## Data
---+---

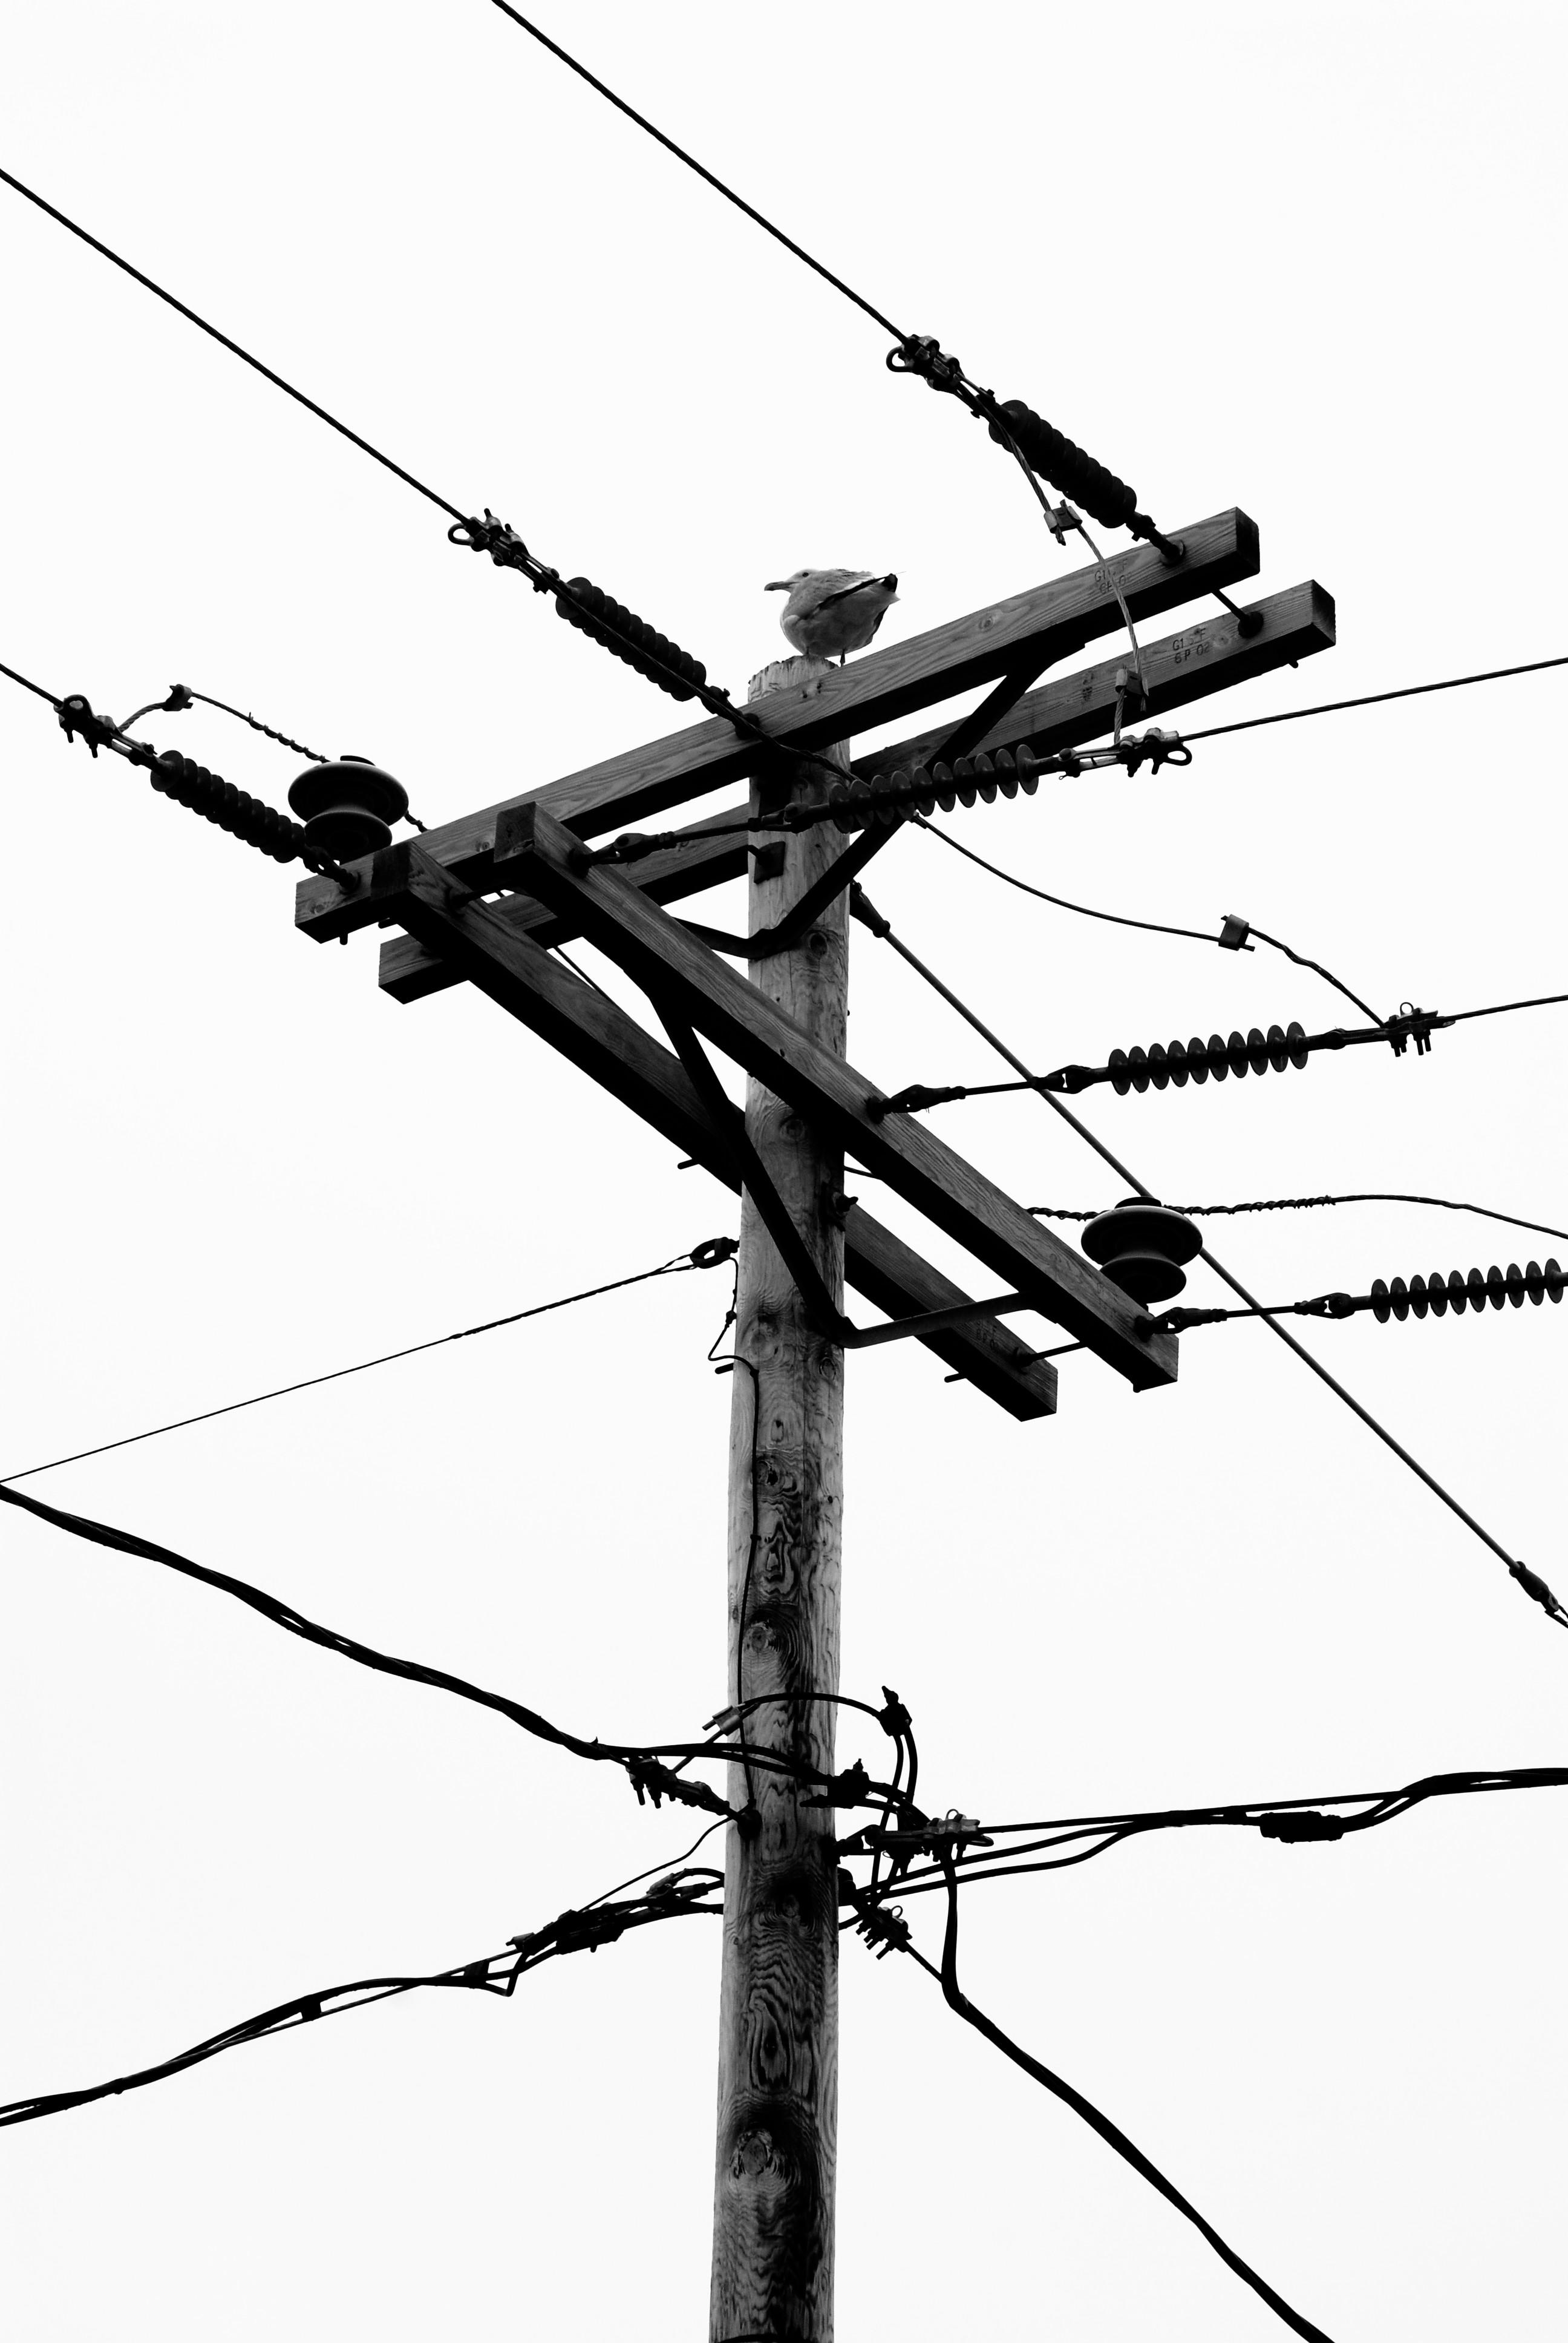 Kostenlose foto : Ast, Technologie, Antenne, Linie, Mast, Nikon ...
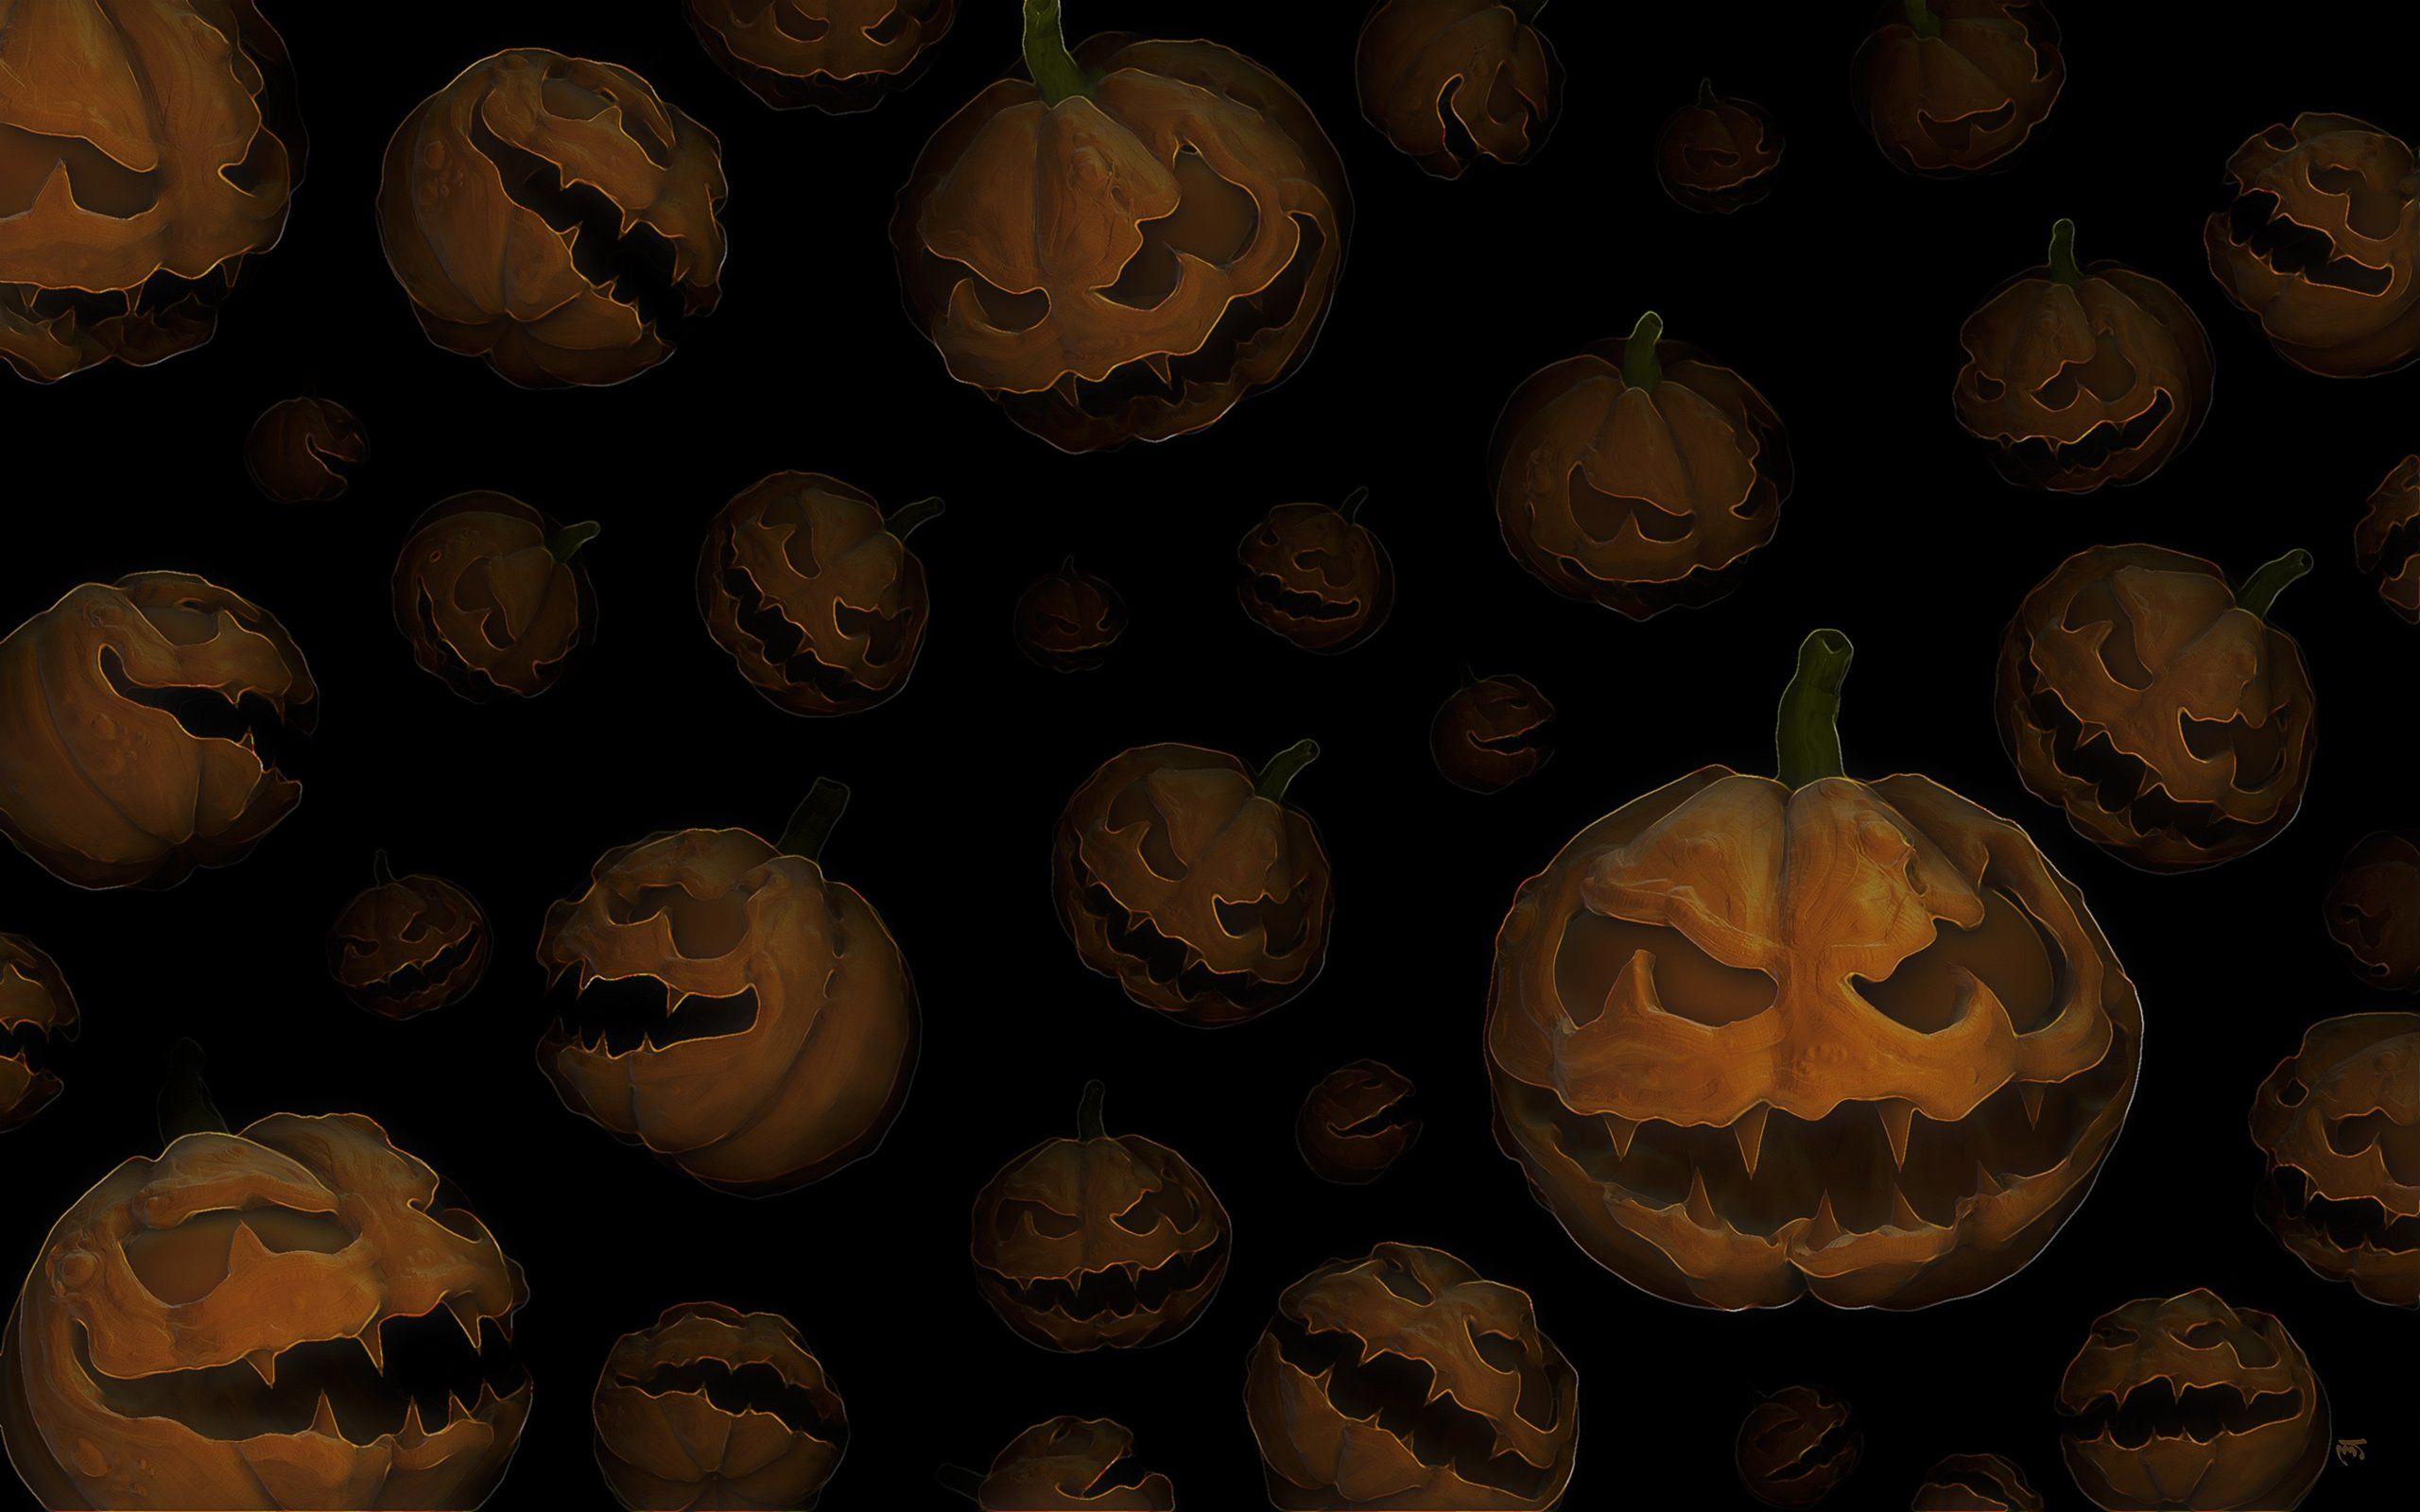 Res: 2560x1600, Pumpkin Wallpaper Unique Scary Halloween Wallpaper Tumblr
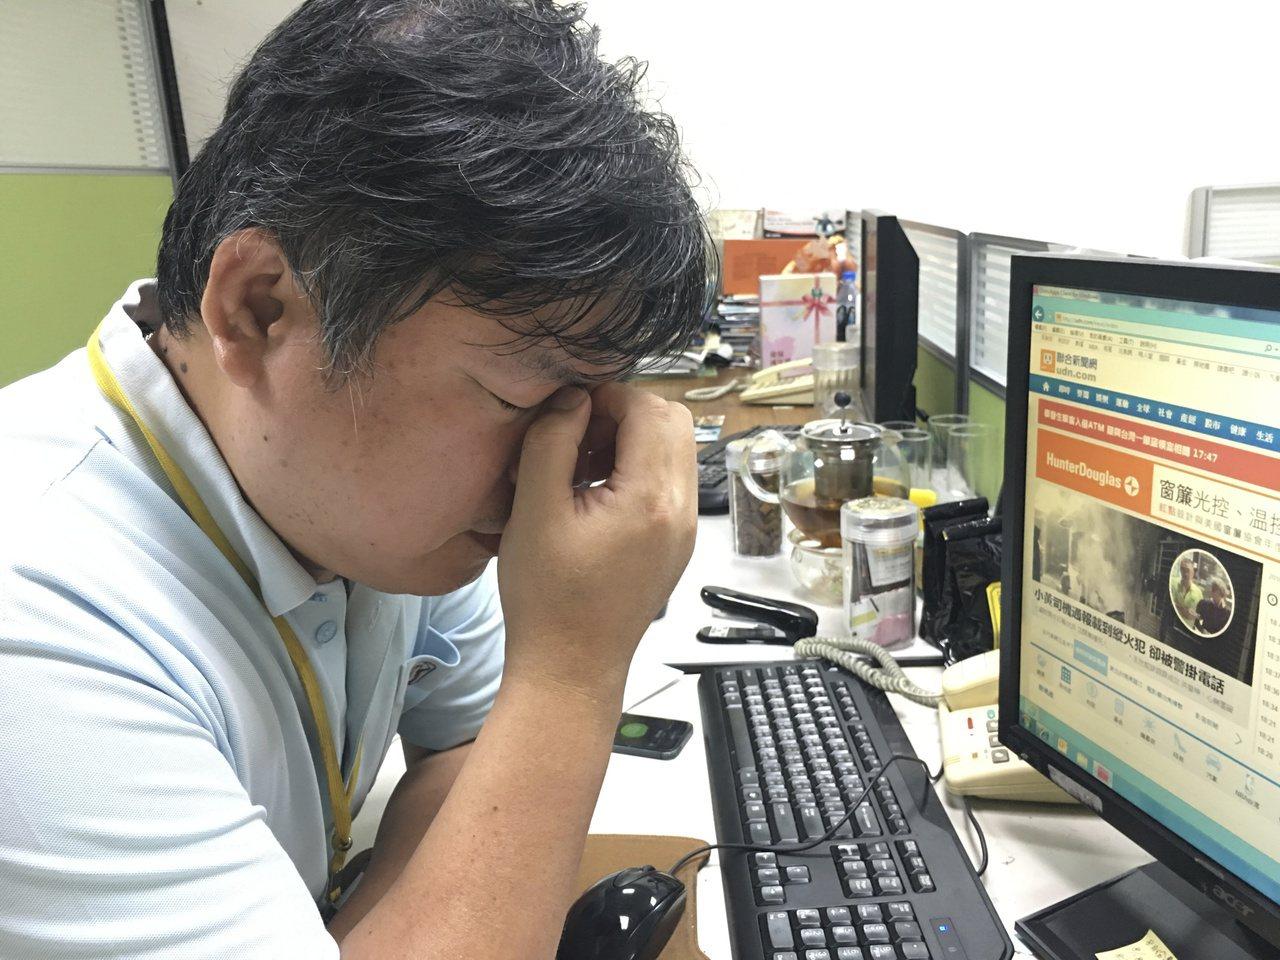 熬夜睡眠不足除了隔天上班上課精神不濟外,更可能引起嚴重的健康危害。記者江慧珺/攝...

---+---

## Task prompt
Please repeat all of the data exactly as it stands, leaving the pictures out.

## Completed task
 Kostenlose foto : Ast, Technologie, Antenne, Linie, Mast, Nikon ...
 Res: 2560x1600, Pumpkin Wallpaper Unique Scary Halloween Wallpaper Tumblr
 熬夜睡眠不足除了隔天上班上課精神不濟外,更可能引起嚴重的健康危害。記者江慧珺/攝...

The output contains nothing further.